Model of T1 prophage induction in response to AI-2-mediated signaling and sugar influx sensing. Phage-encoded Pir is a transcription regulator controlling expression of genes required for T1 prophage induction. In the absence of external stimuli, low pir expression is ensured by the self-inhibitory activity of Pir along with inhibition by Orf65 and by cAMP-CRP. Activation by glucose, likely mediated by PTS, relieves CRP inhibition of pir expression.
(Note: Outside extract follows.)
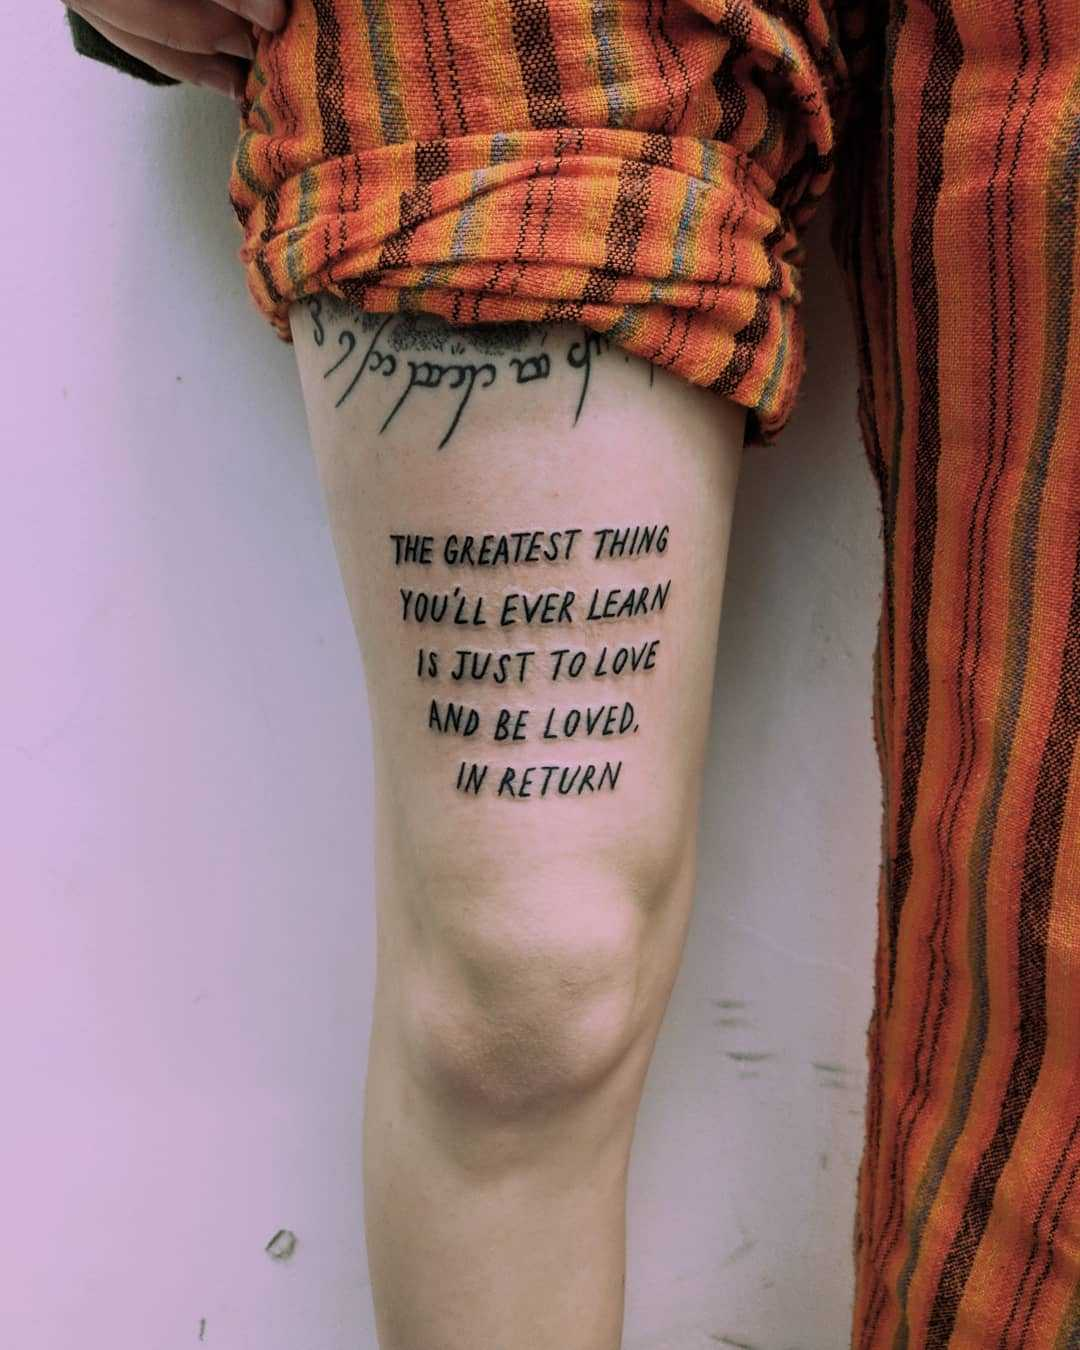 Nat King Cole lyrics by Tristan Ritter

This in turn results in Pir-dependent activation of lytic cycle and accumulation of holin (hol), followed by cell lysis and phage release. Expression of pir is also upregulated in response to AI-2 by an as-yet-unknown mechanism, similarly initiating prophage induction. Phage-carried genes are marked in green; host-encoded CRP is marked in pink. Regulatory effects are shown by solid lines (transcriptional regulation) or dashed lines (posttranslational regulation). Positive and negative regulatory effects are indicated by lines with arrowheads and by lines with blunt ends, respectively.